Saved data entries:
○ ○ ○ ○ ○ ○ ○

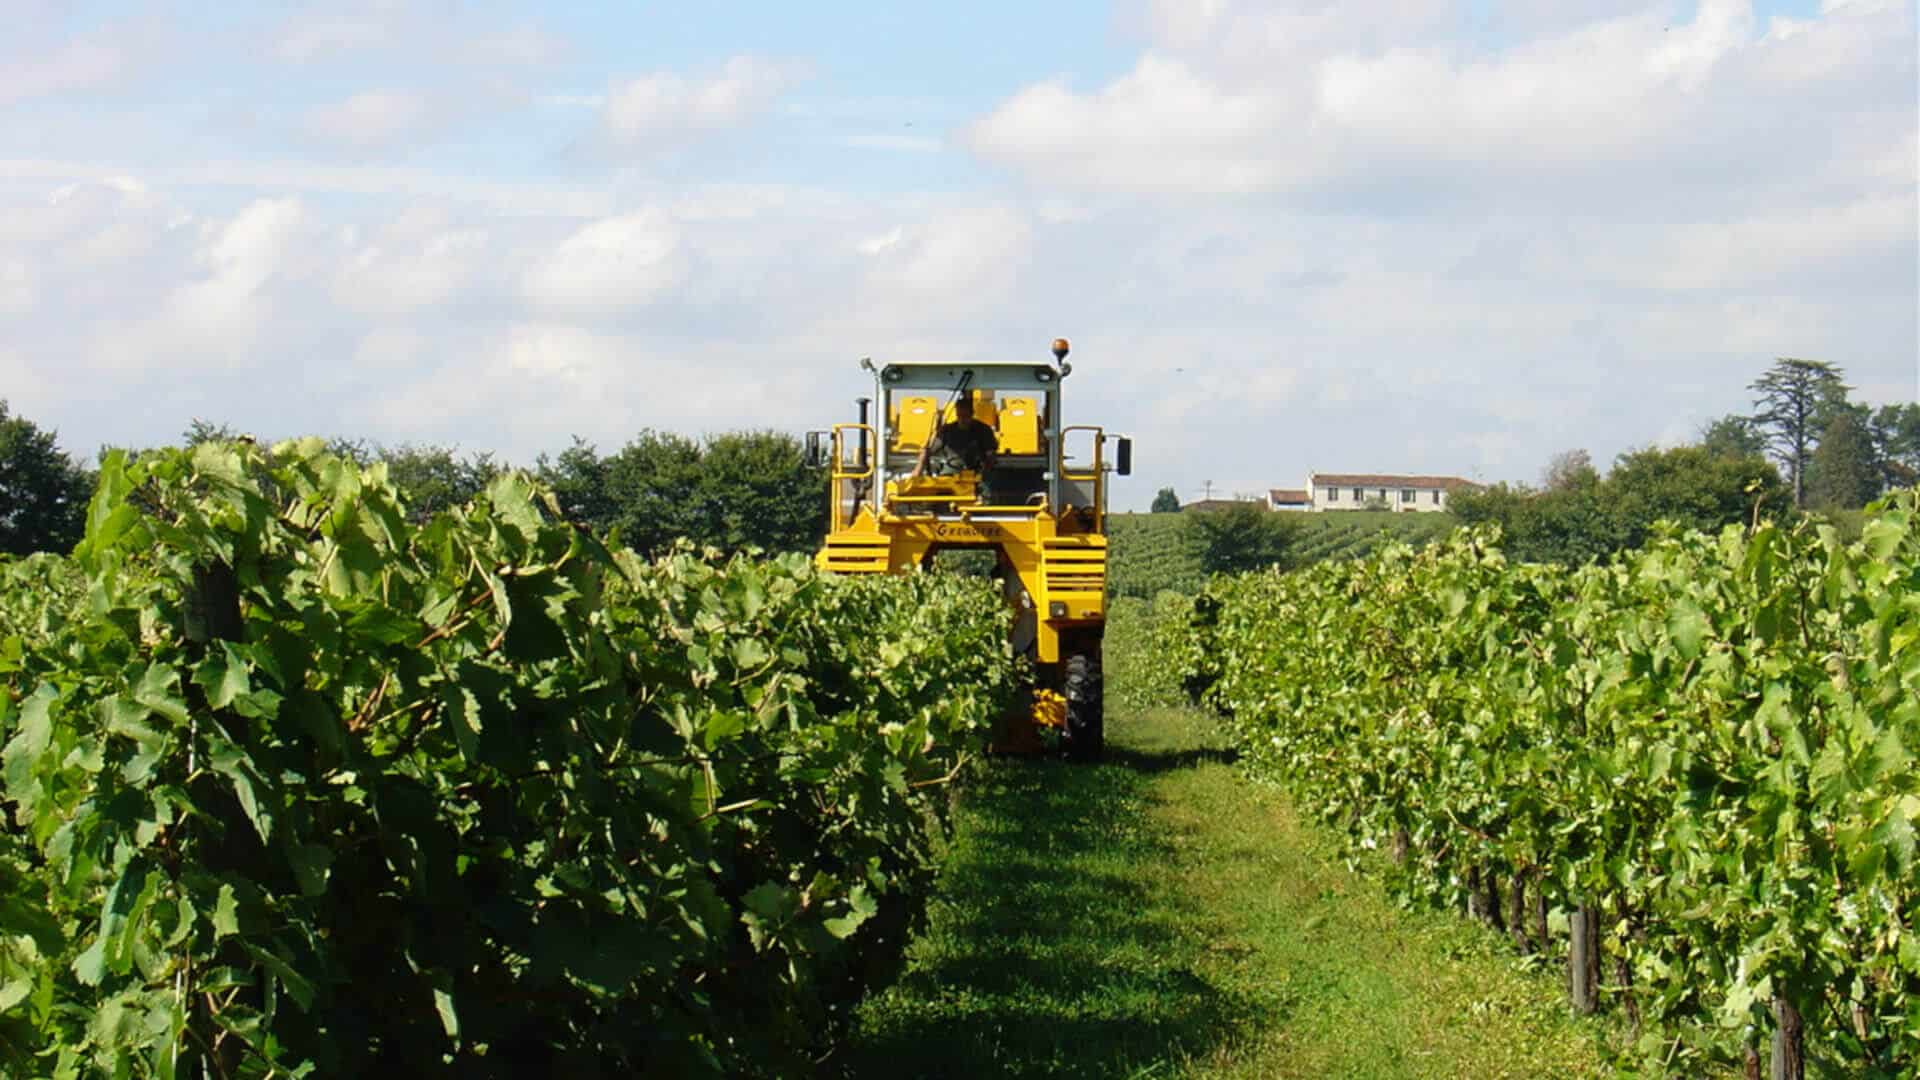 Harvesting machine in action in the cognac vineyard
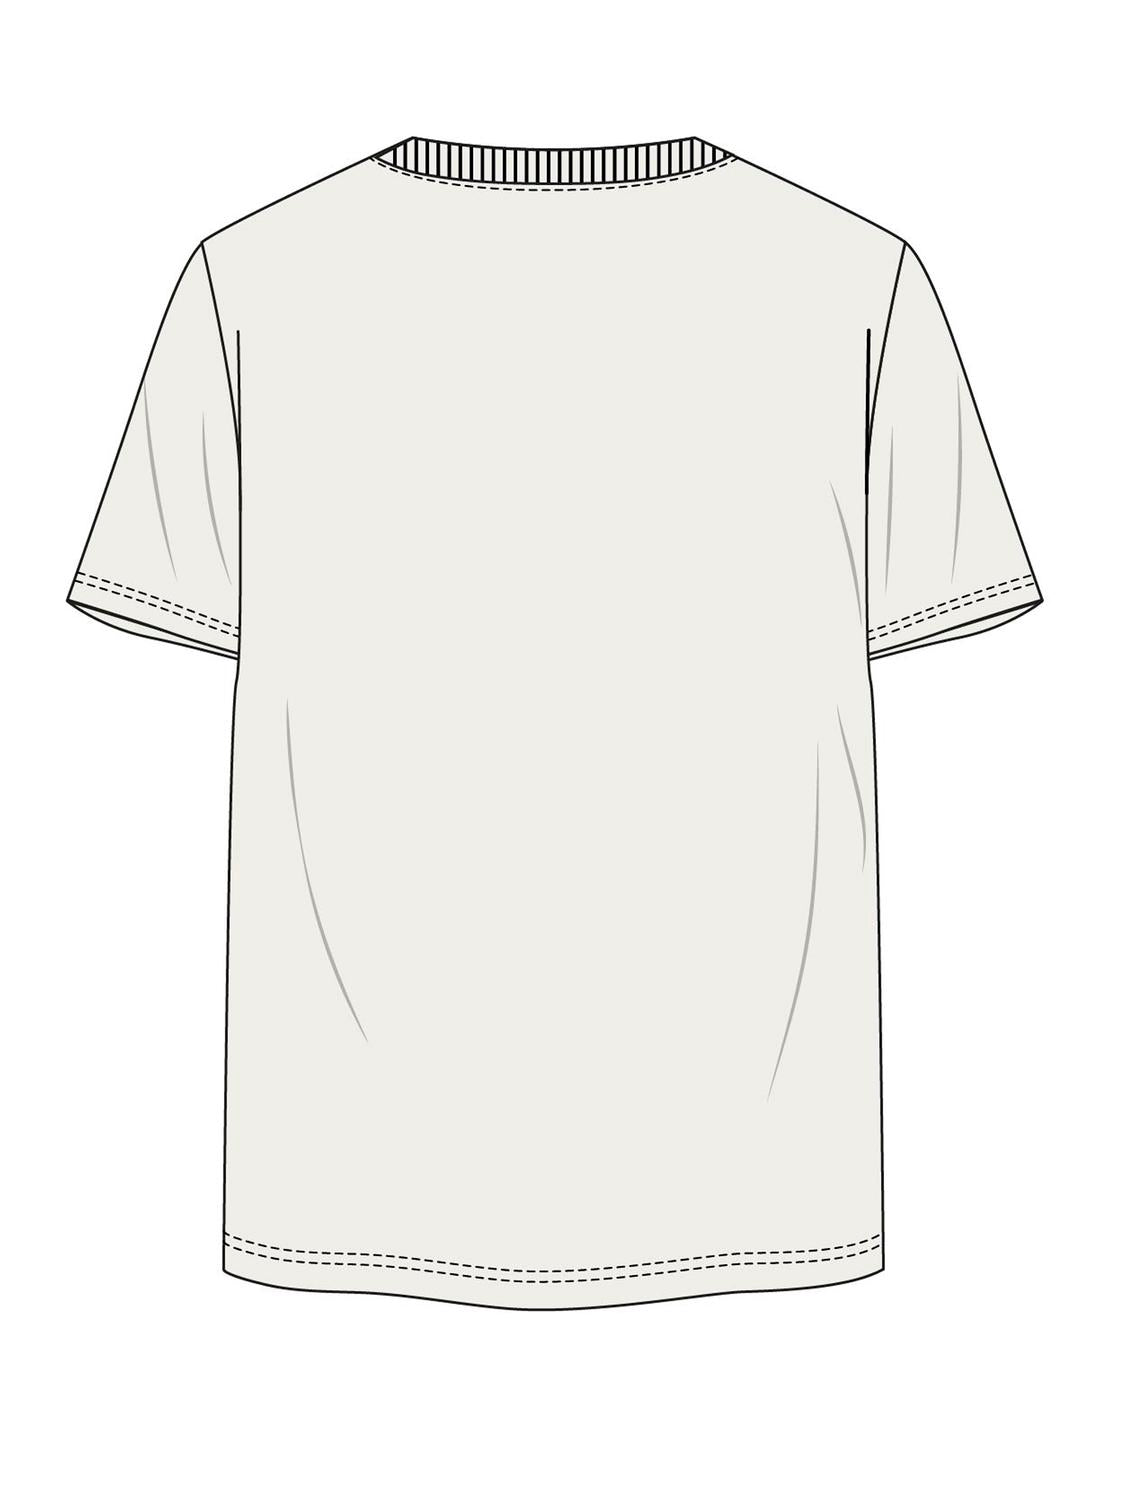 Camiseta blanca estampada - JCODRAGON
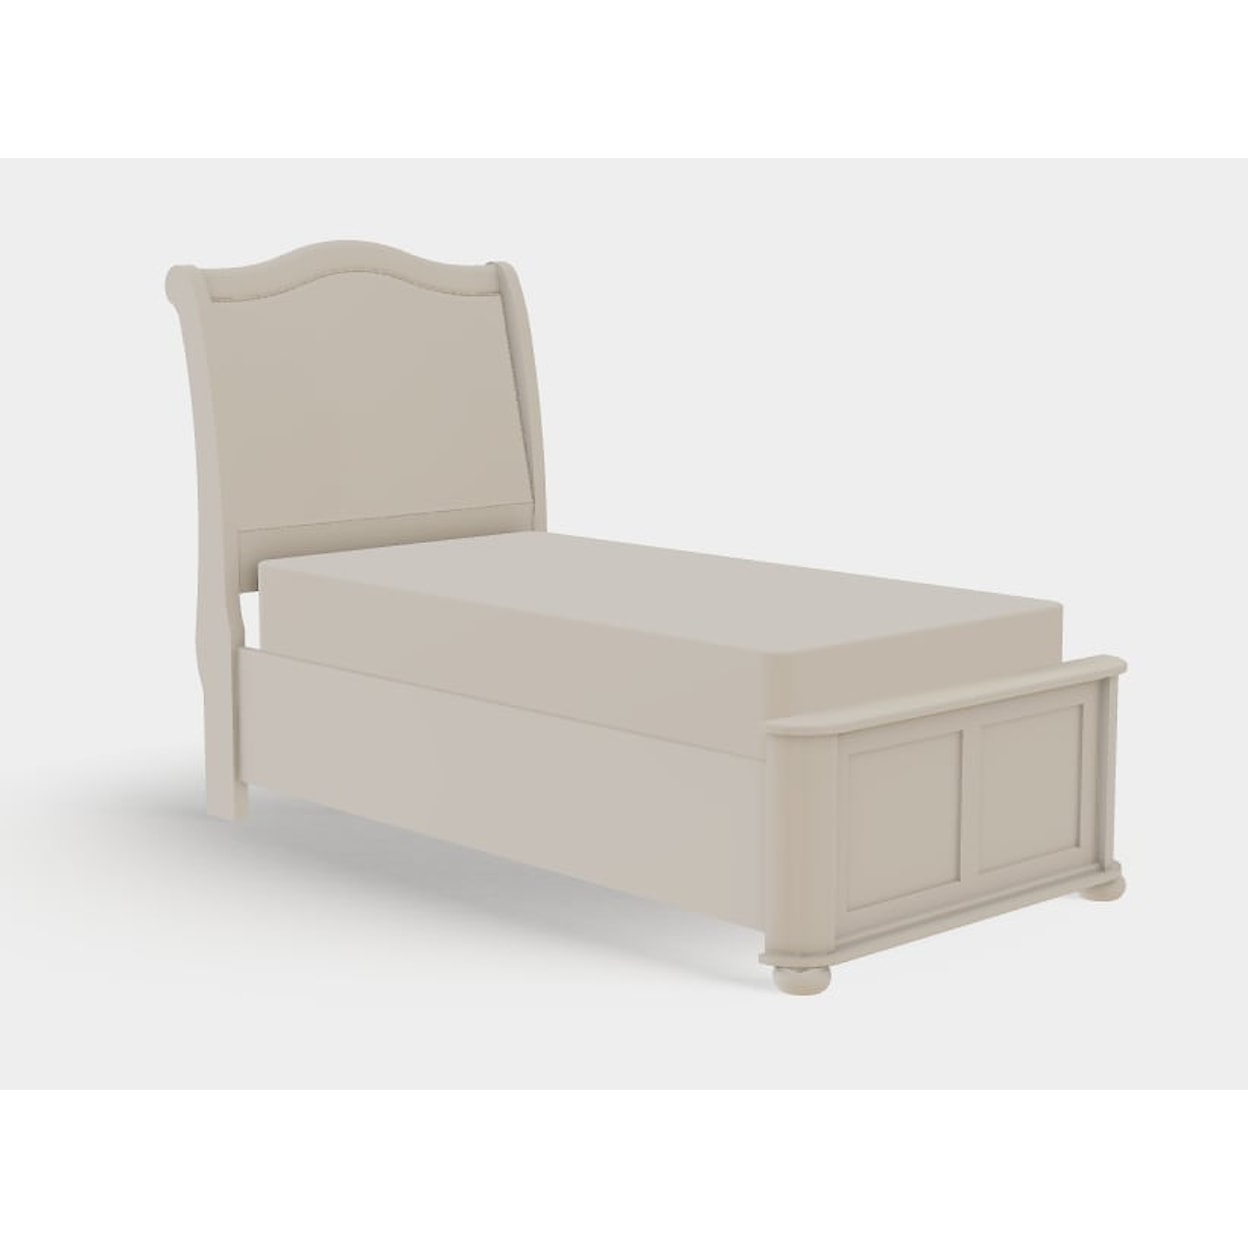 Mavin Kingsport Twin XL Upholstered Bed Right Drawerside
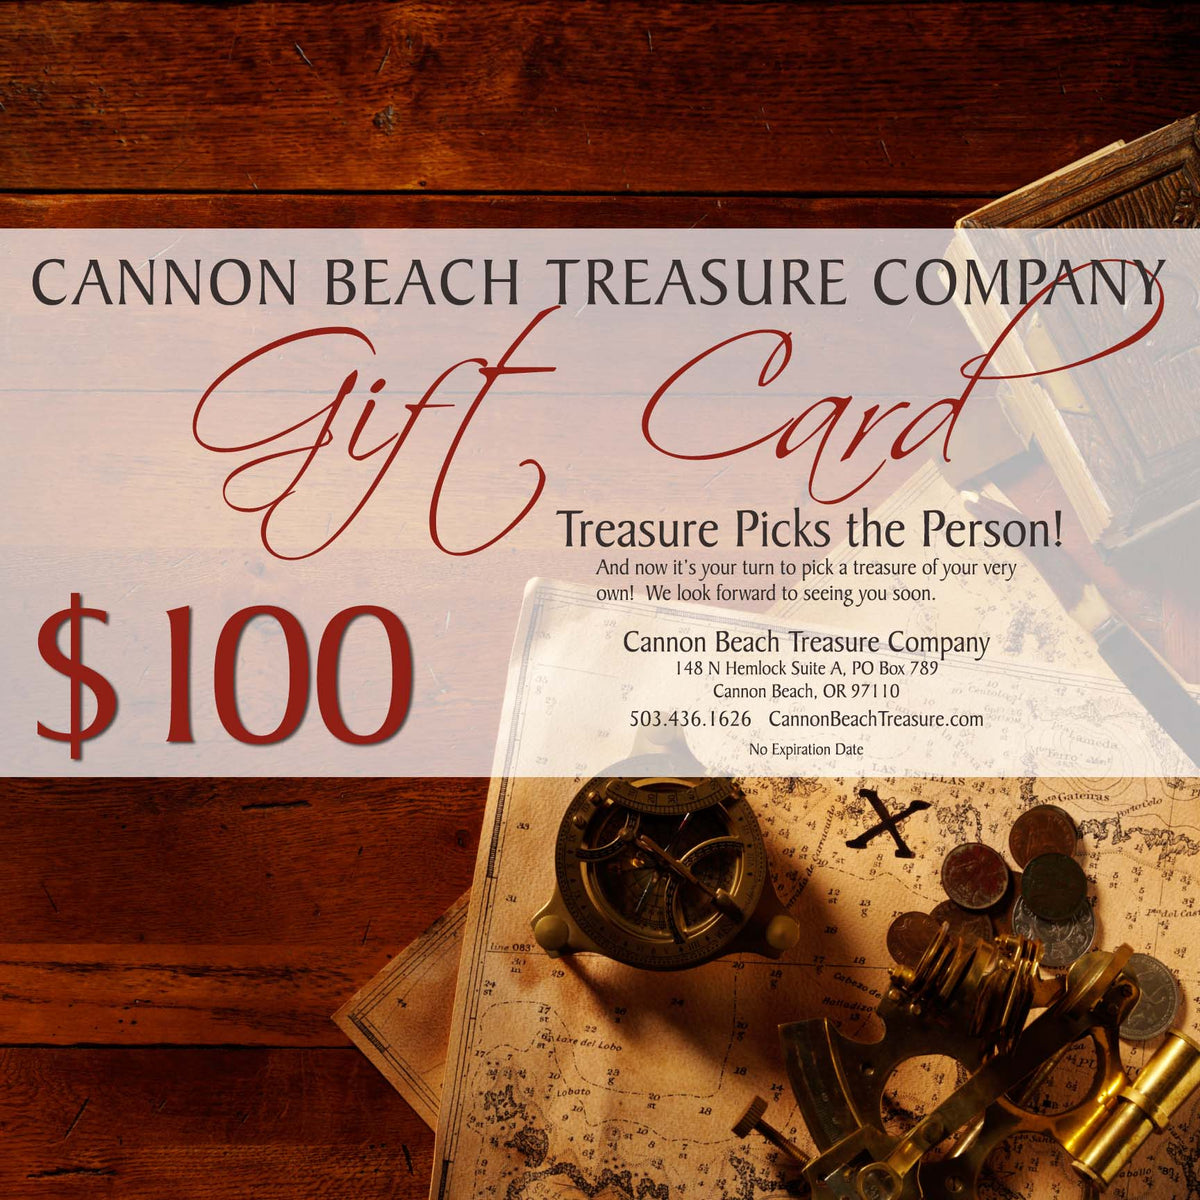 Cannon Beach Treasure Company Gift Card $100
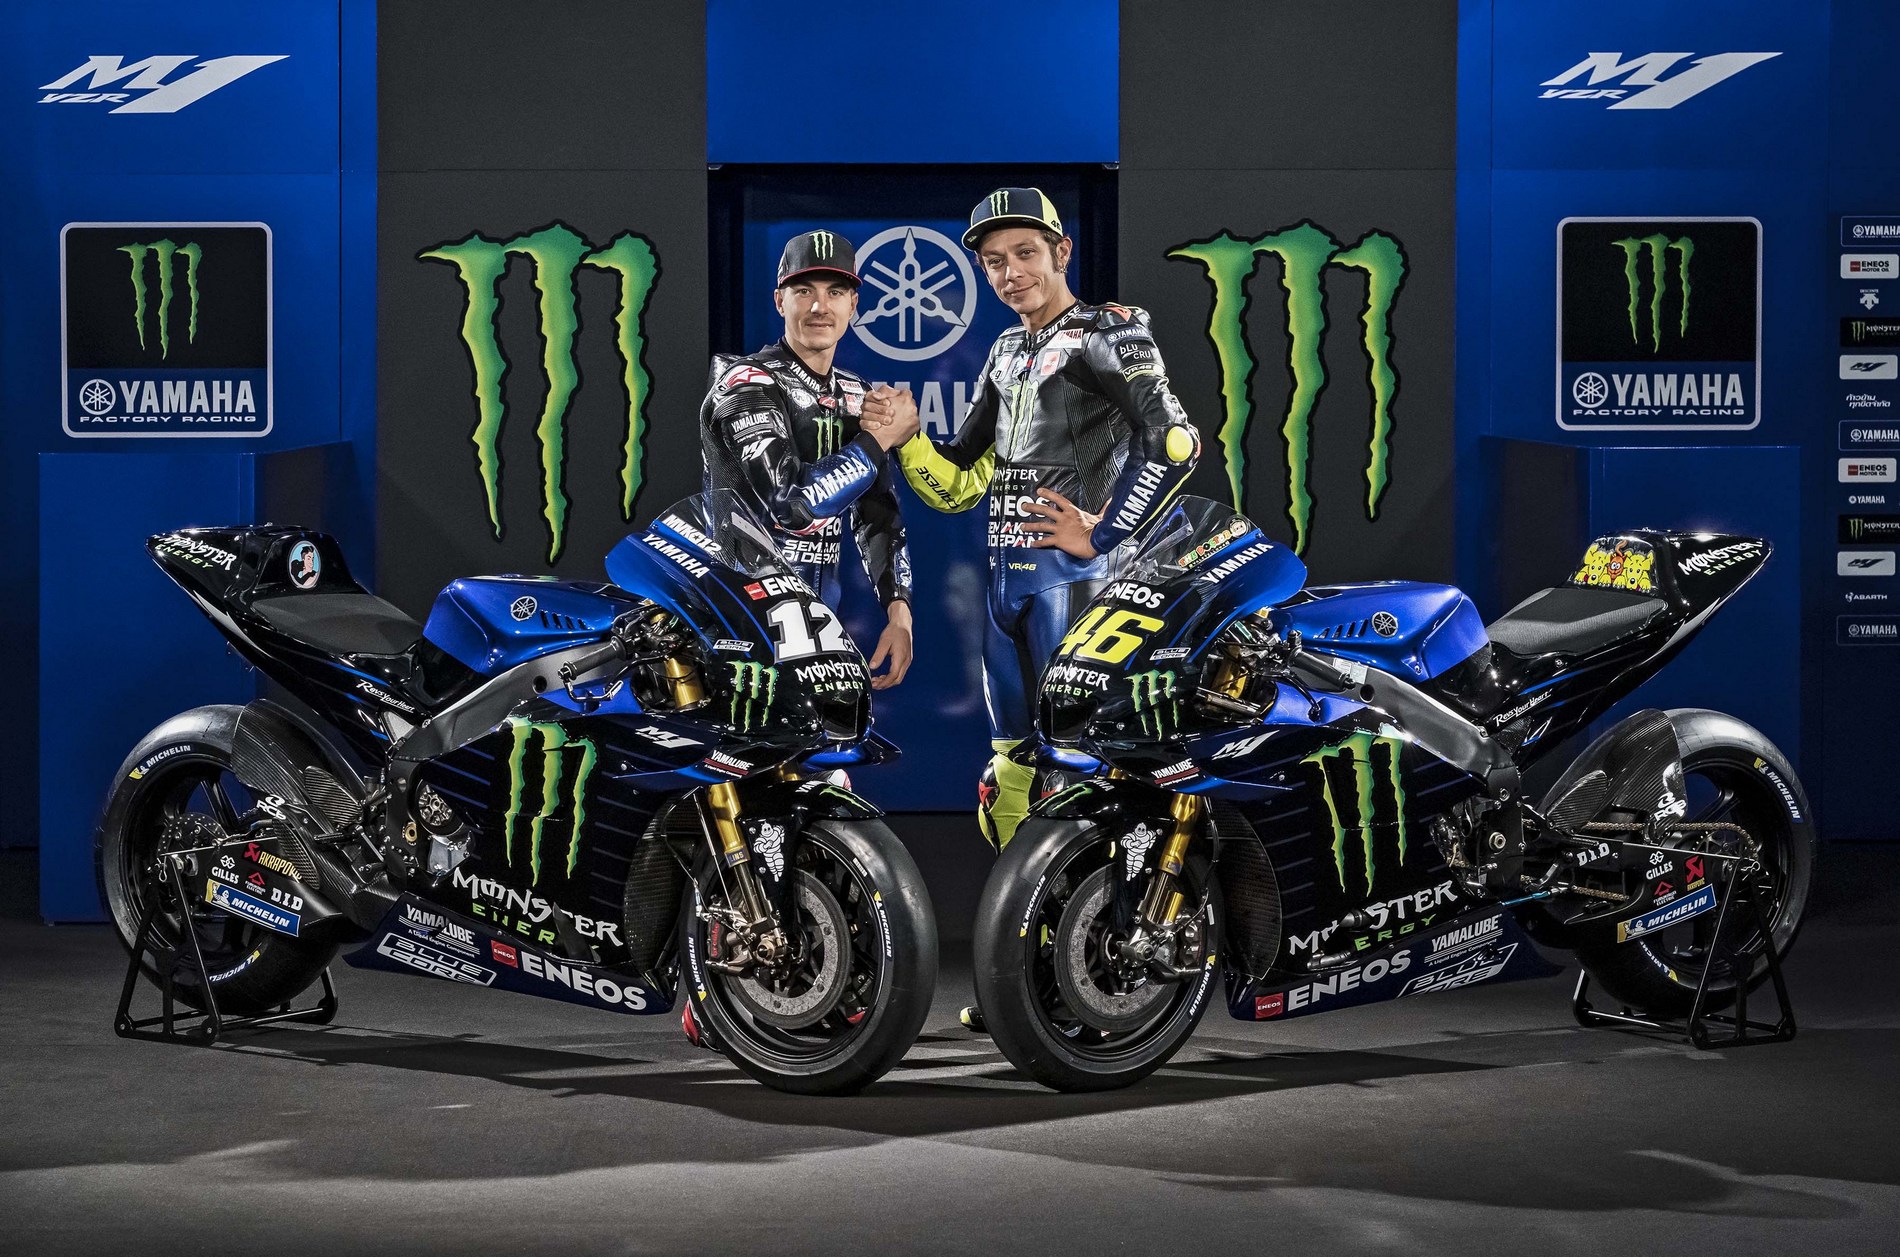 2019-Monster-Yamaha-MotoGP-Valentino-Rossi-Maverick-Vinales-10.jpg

○ ○ ○ ○ ○ ○ ○

Every entry above should be restated word for word, with the images left out.

 Harvesting machine in action in the cognac vineyard
 Camiseta blanca estampada - JCODRAGON
 Mavin Kingsport Twin XL Upholstered Bed Right Drawerside
 Cannon Beach Treasure Company Gift Card $100
 2019-Monster-Yamaha-MotoGP-Valentino-Rossi-Maverick-Vinales-10.jpg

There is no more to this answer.